Assignment – Required from the data below: the exact lines starting at the line containing "soft cosy and warm tartan check fleece scarf" and ending at the line containing "Last smash pankow", with both ends kept and all pictures dropped.

Extracted records –

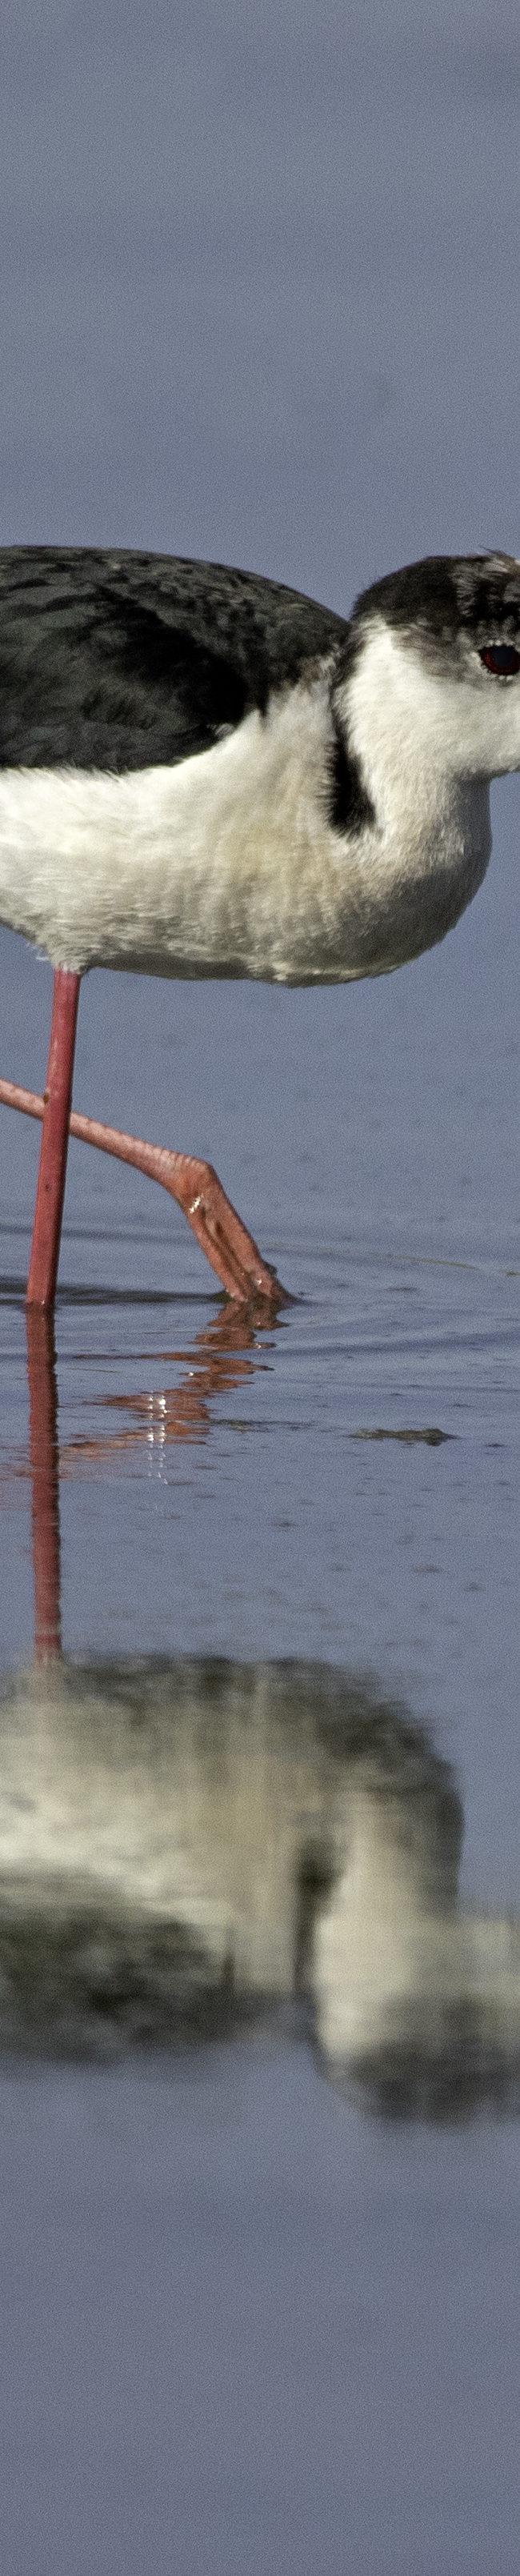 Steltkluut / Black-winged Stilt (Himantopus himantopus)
--
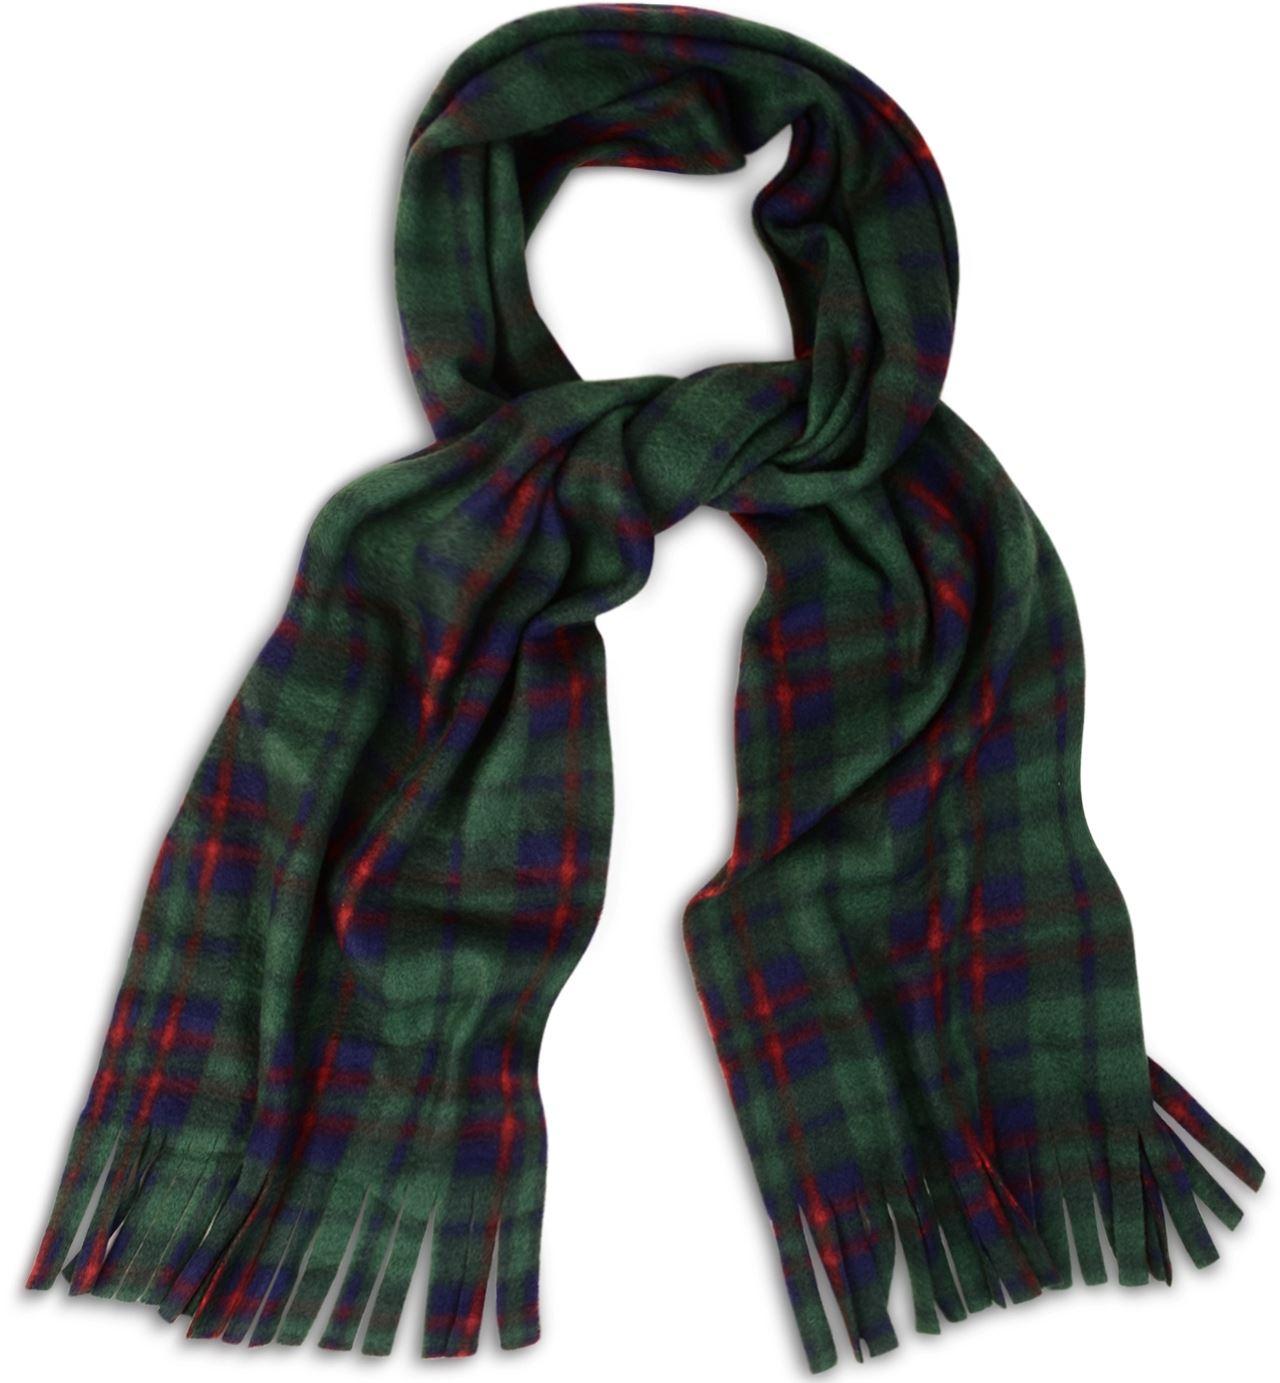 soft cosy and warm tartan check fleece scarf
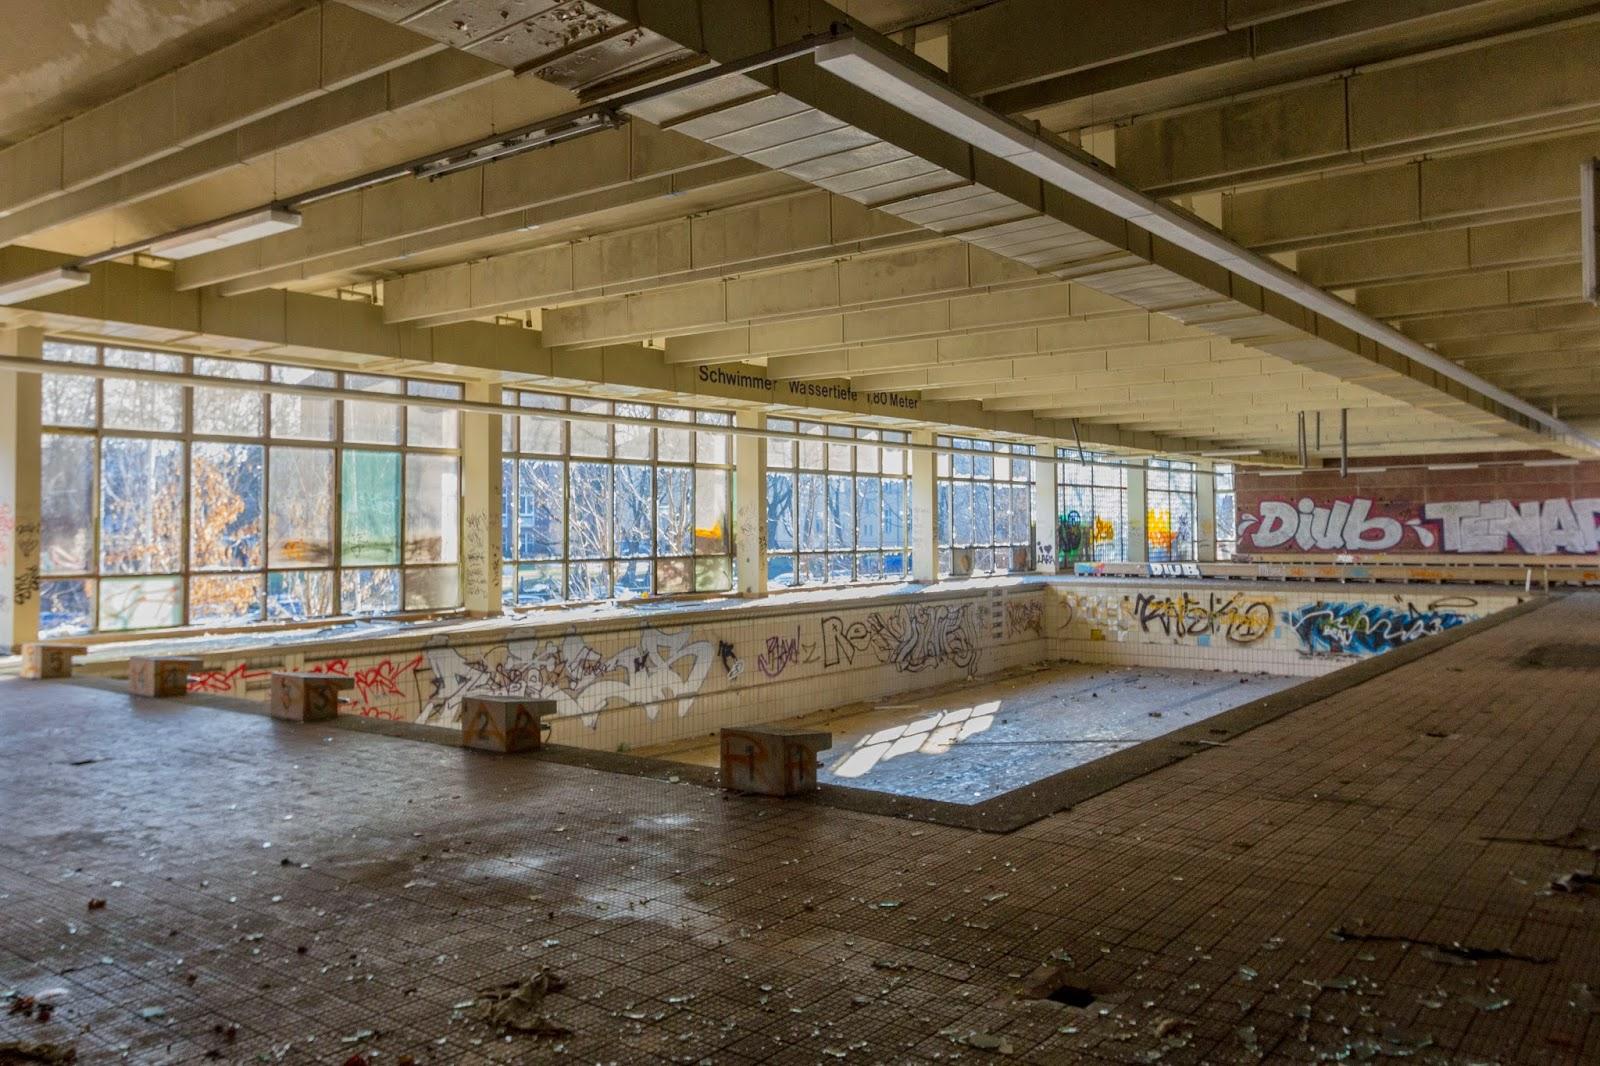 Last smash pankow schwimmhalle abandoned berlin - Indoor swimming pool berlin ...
...
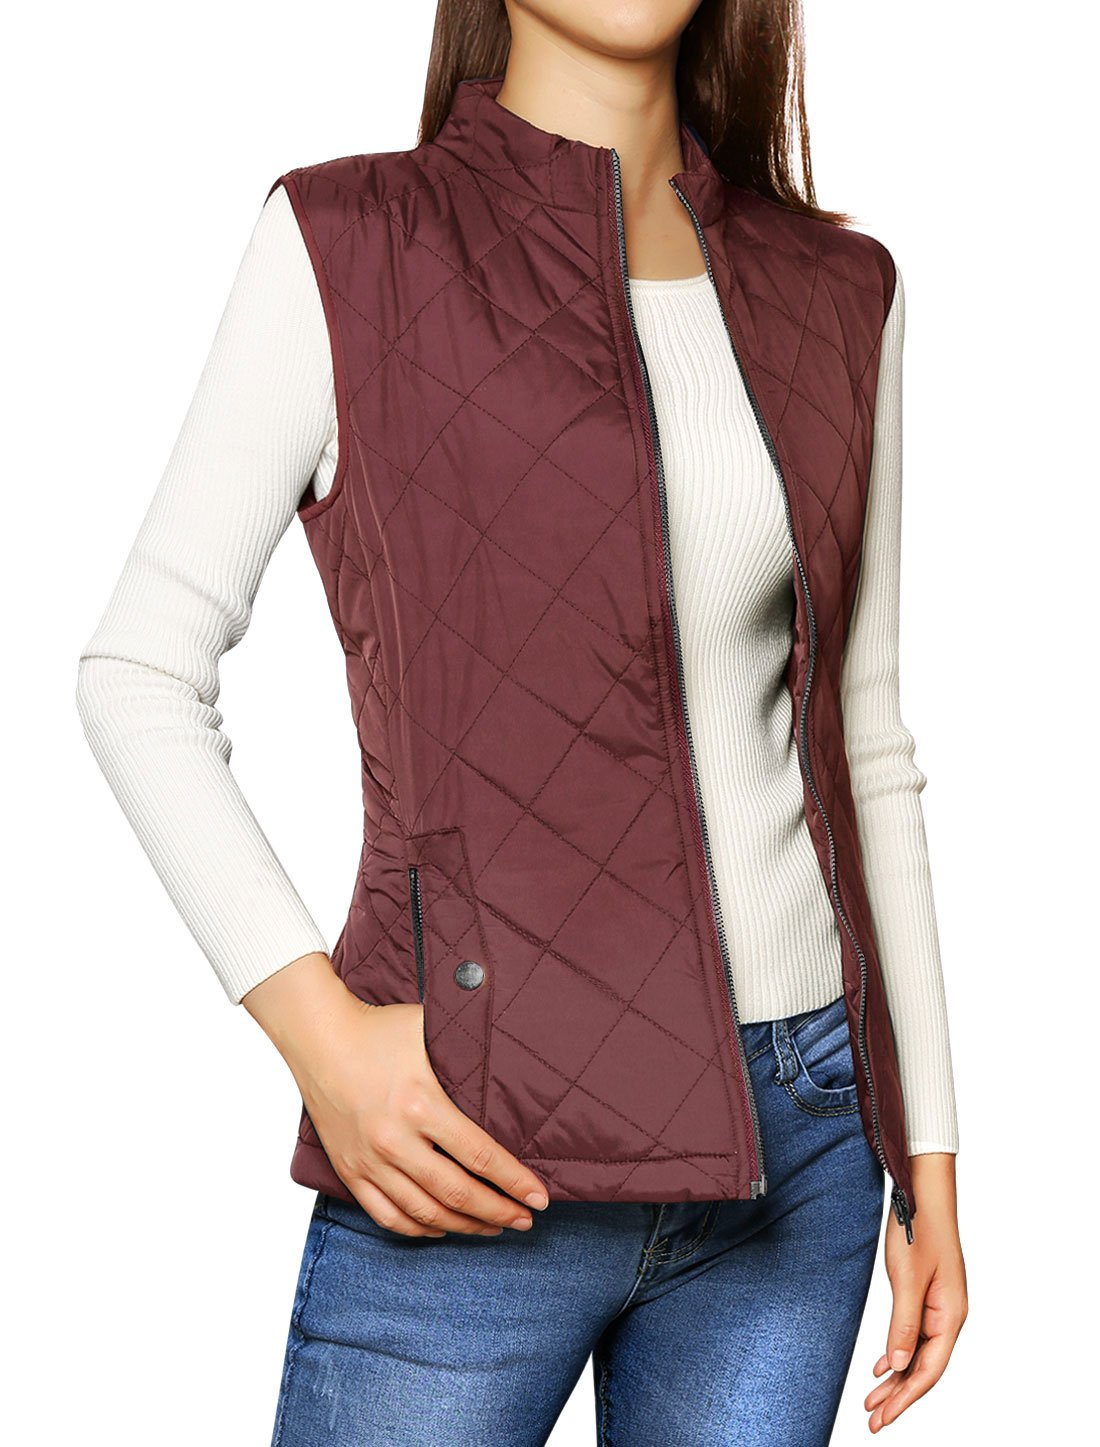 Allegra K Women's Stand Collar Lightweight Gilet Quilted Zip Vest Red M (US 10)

Written answer –
 soft cosy and warm tartan check fleece scarf
 Last smash pankow schwimmhalle abandoned berlin - Indoor swimming pool berlin ...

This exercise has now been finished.